Thrombolysis, after a careful evaluation of the risk/benefit ratio can be considered as an alternative to primary PCI in patients with a STEMI, keeping in mind that thrombolysis in COVID-19 patients could worsen the prognosis by causing an onset of disseminated intravascular coagulopathy. Therefore, this therapy should be taken into consideration only when a primary PCI cannot be performed within the timeline provided by the guidelines. In suspect intermediate-low risk COVID-19 patients with myocardial infarction without ST-segment elevation (NSTEMI) admitted to a Spoke Centre, and when urgent coronagraphy is indicated, a nasopharyngeal swab or other diagnostic methods like chest radiography, transthoracic computed tomography, must be performed. In case of positive testing for COVID-19, the patient must be transferred to a HUB-COVID Center and subsequently to a COVID-19 Unit. In case of negative testing for COVID-19, the patient can be transferred to a HUB-NO-COVID Center [13].

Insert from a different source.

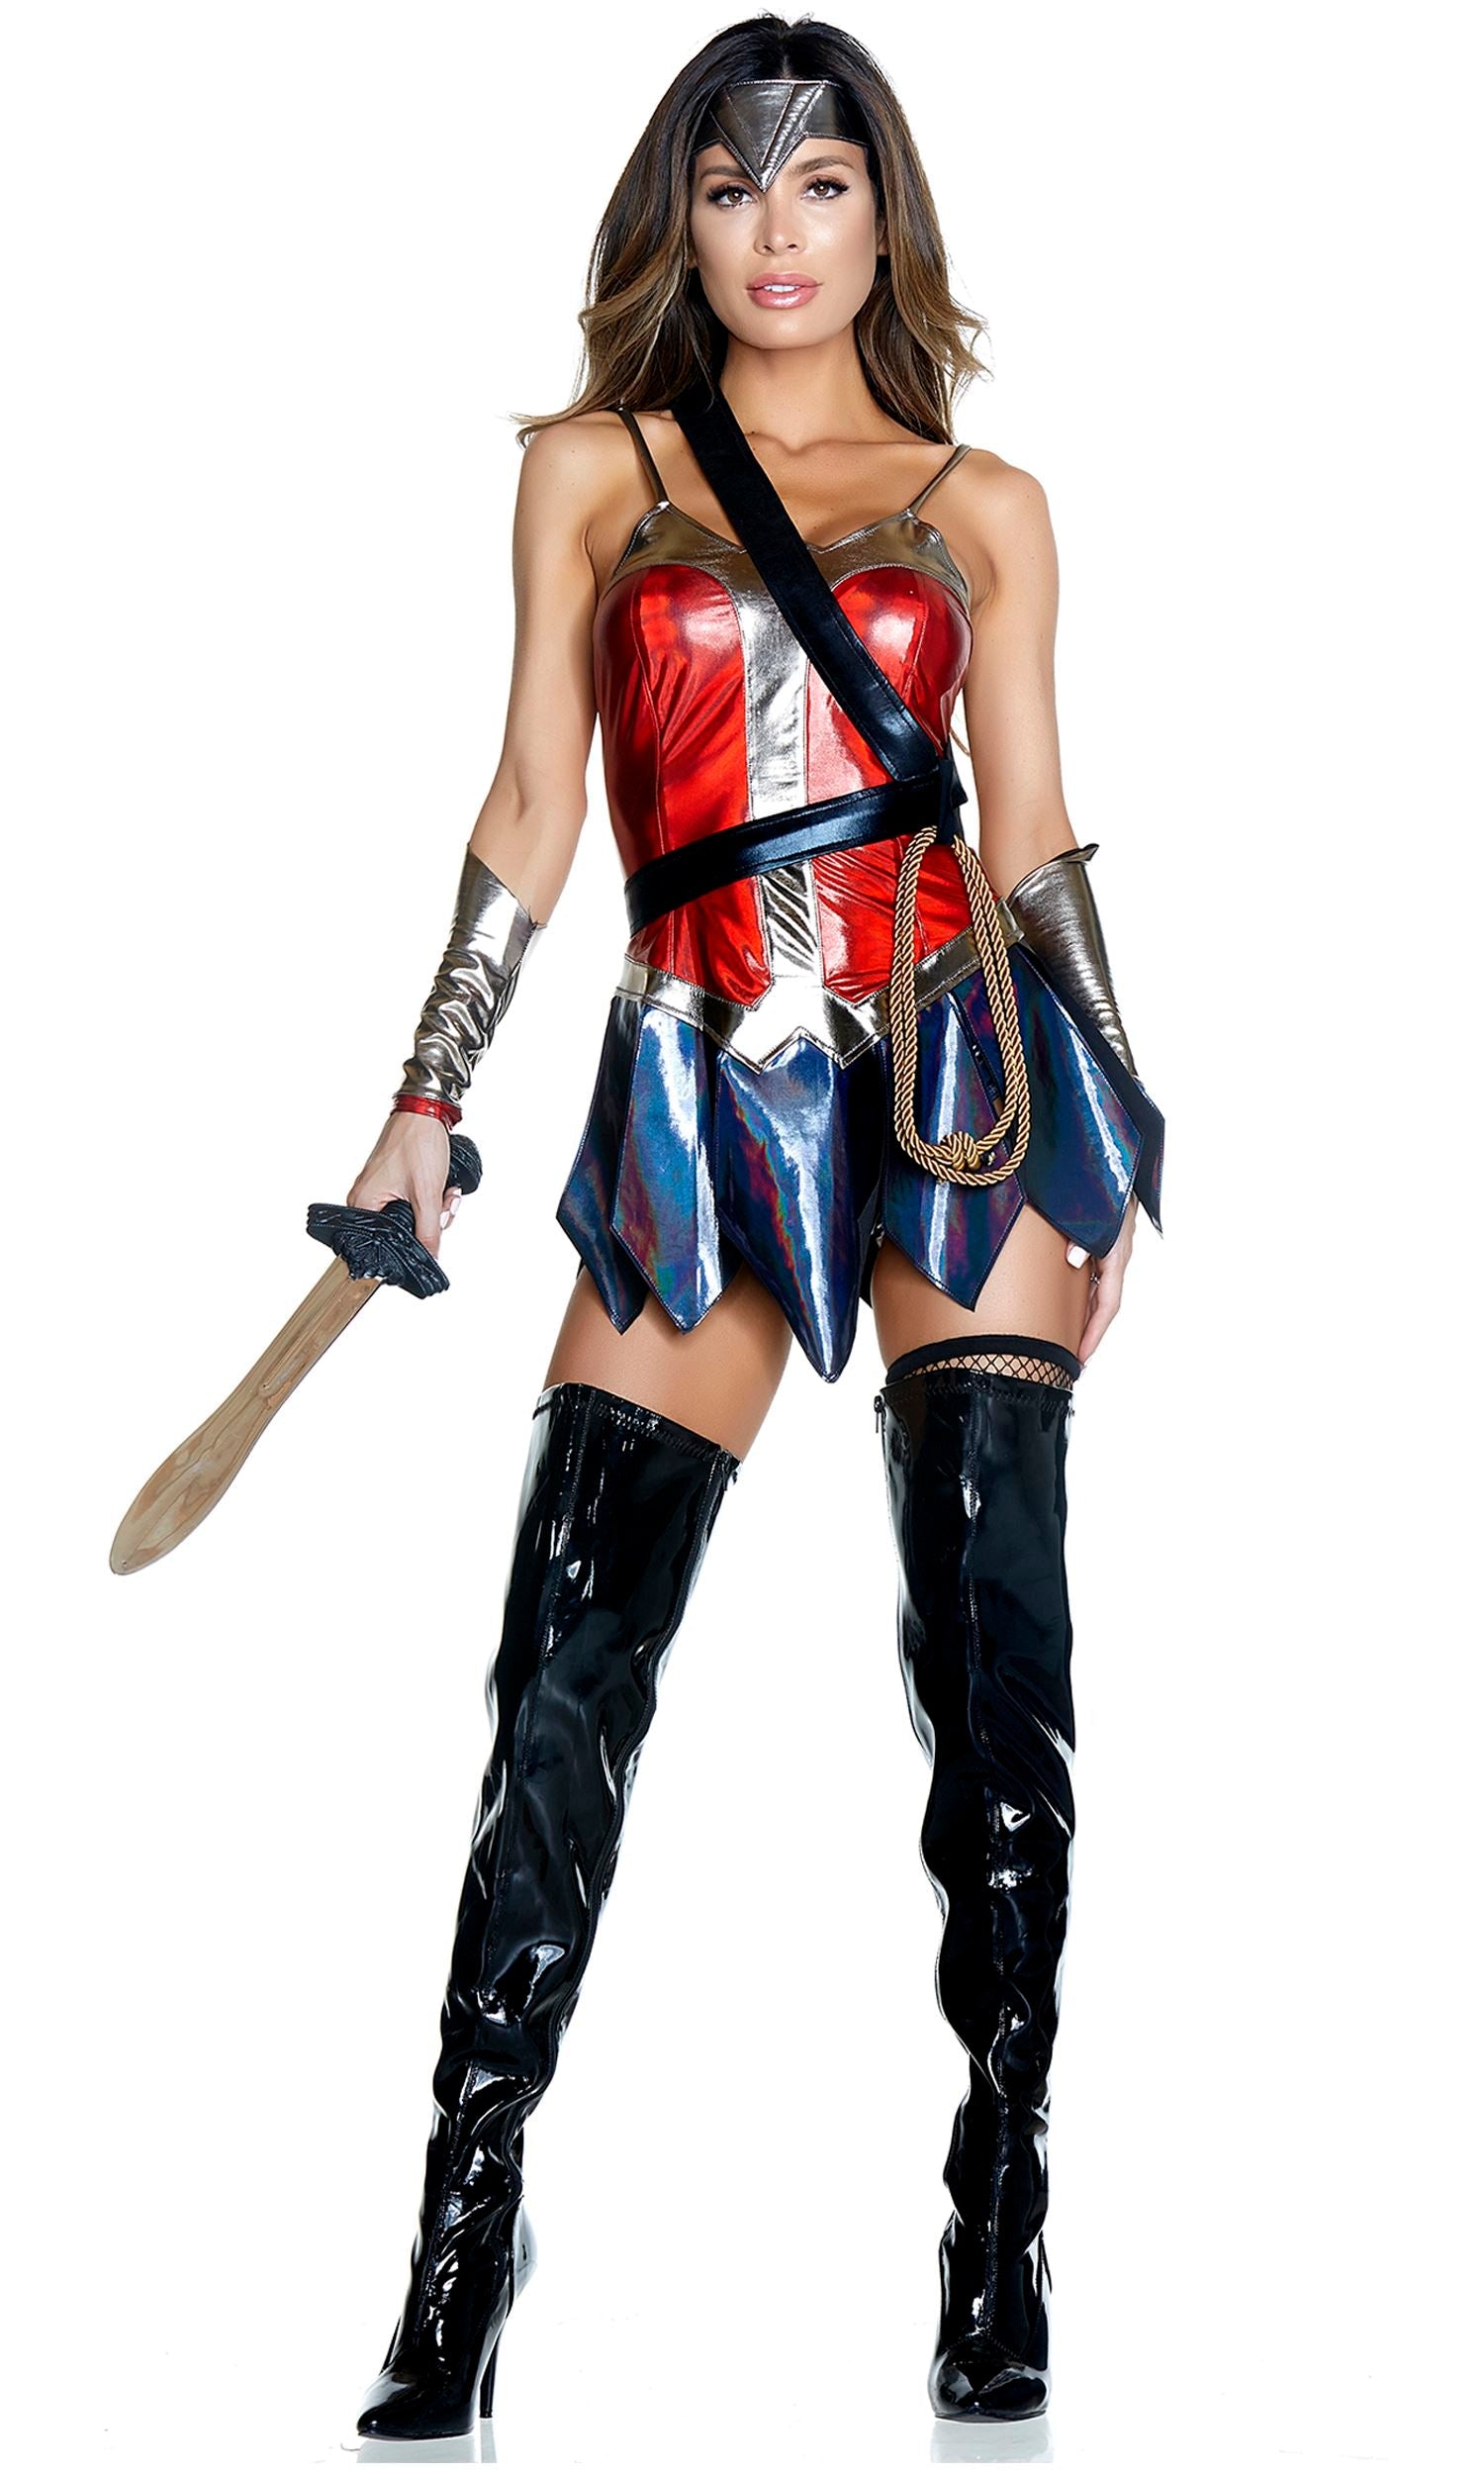 Comic Wonder Heroine Woman Costume by Forplay Costumes only at  Tdcostumes.com
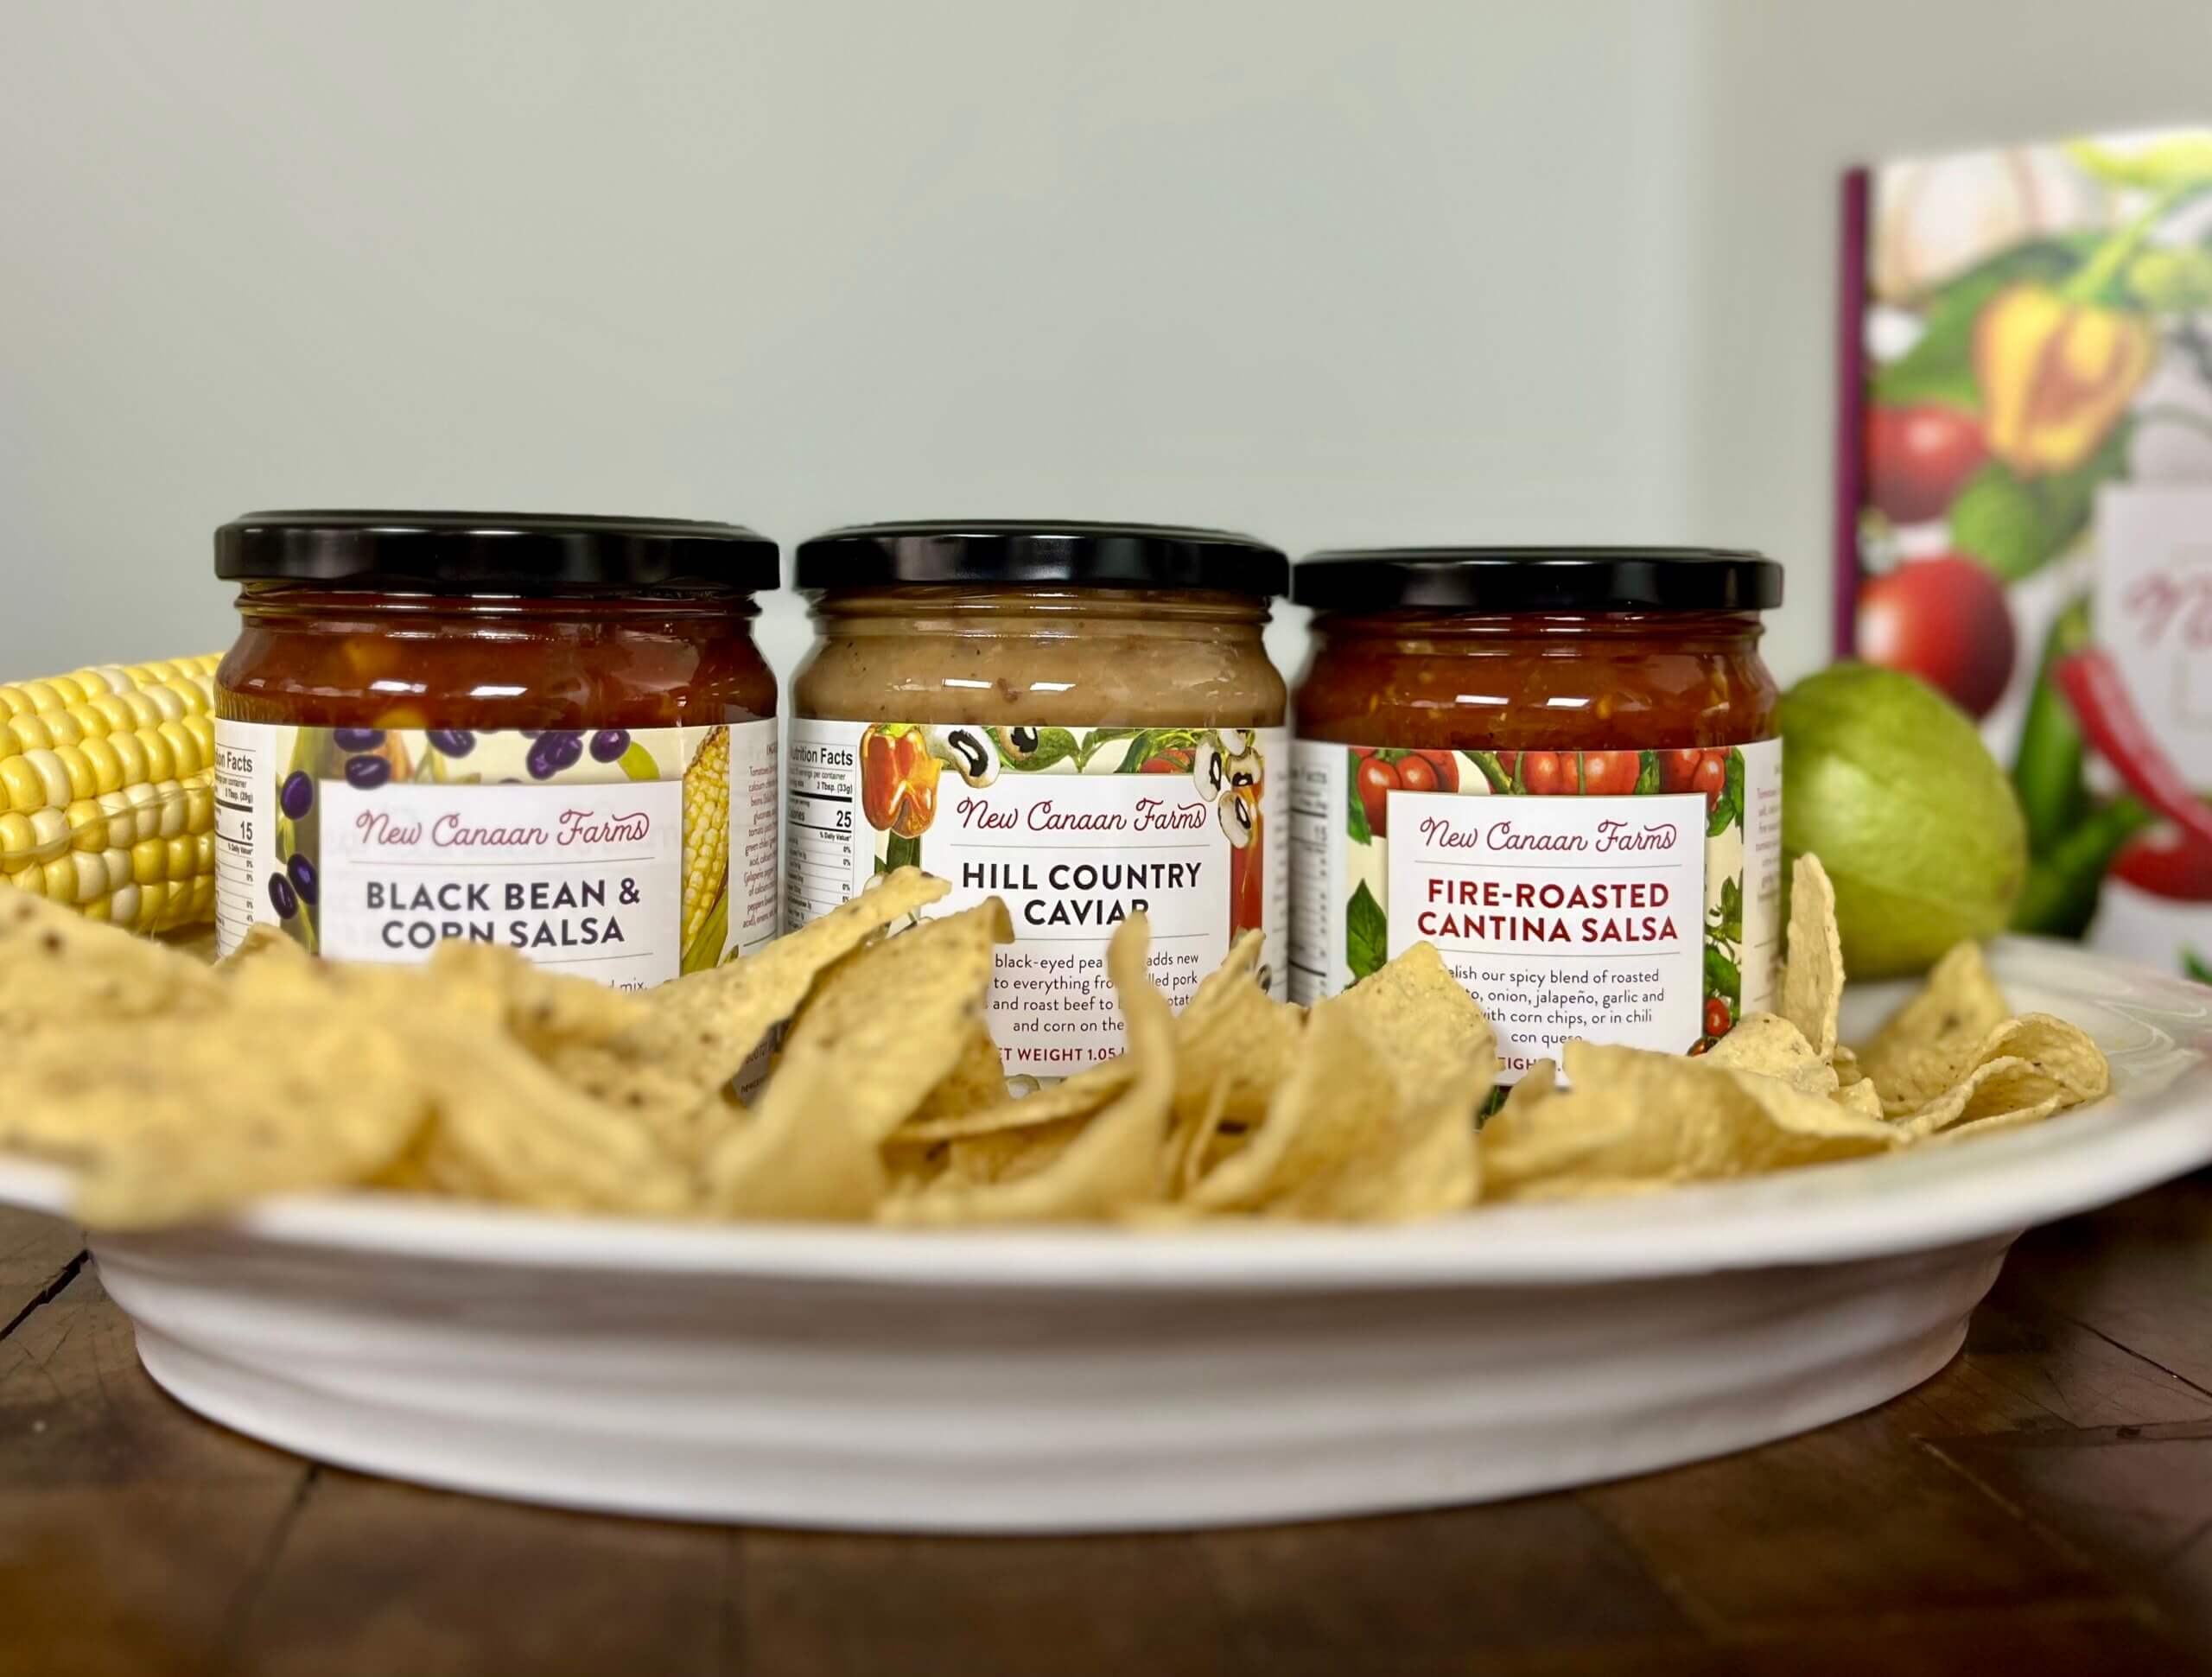 New Canaan Farms Black Bean & Corn, Hill Country and Fire-Roasted Cantina salsas, surrounded by tortilla chips

About 20%-30% of patients positive for COVID-19 suffer from myocardial damage with an increase of troponin, indicating a Type 2 myocardial infarction. Specifically, respiratory distress, multi- organ impairment, and the patient’s age, associated with an increase of troponin. Therefore, in these patients, the risk/benefit ratio of an invasive procedure must be appropriately assessed-especially in patients who do not present haemodynamic instability. In this case, an optimal drug therapy is a reasonable choice, deferring the indication of a coronary angiography to a later stage [14,15].

The Territorial Emergency System personnel provides the results of the electrocardiogram, collects and communicates a detailed anamnesis on any potential contact with persons suffering from COVID-19 and on any suspect symptomatology (cough, cold, fever, dyspnoea, etc.) that the patient has had during the 14 days prior to hospitalization. The same screening must be performed on patients who refer to the ER or are admitted from other centres. All patients must be provided with surgical masks until the diagnosis is determined.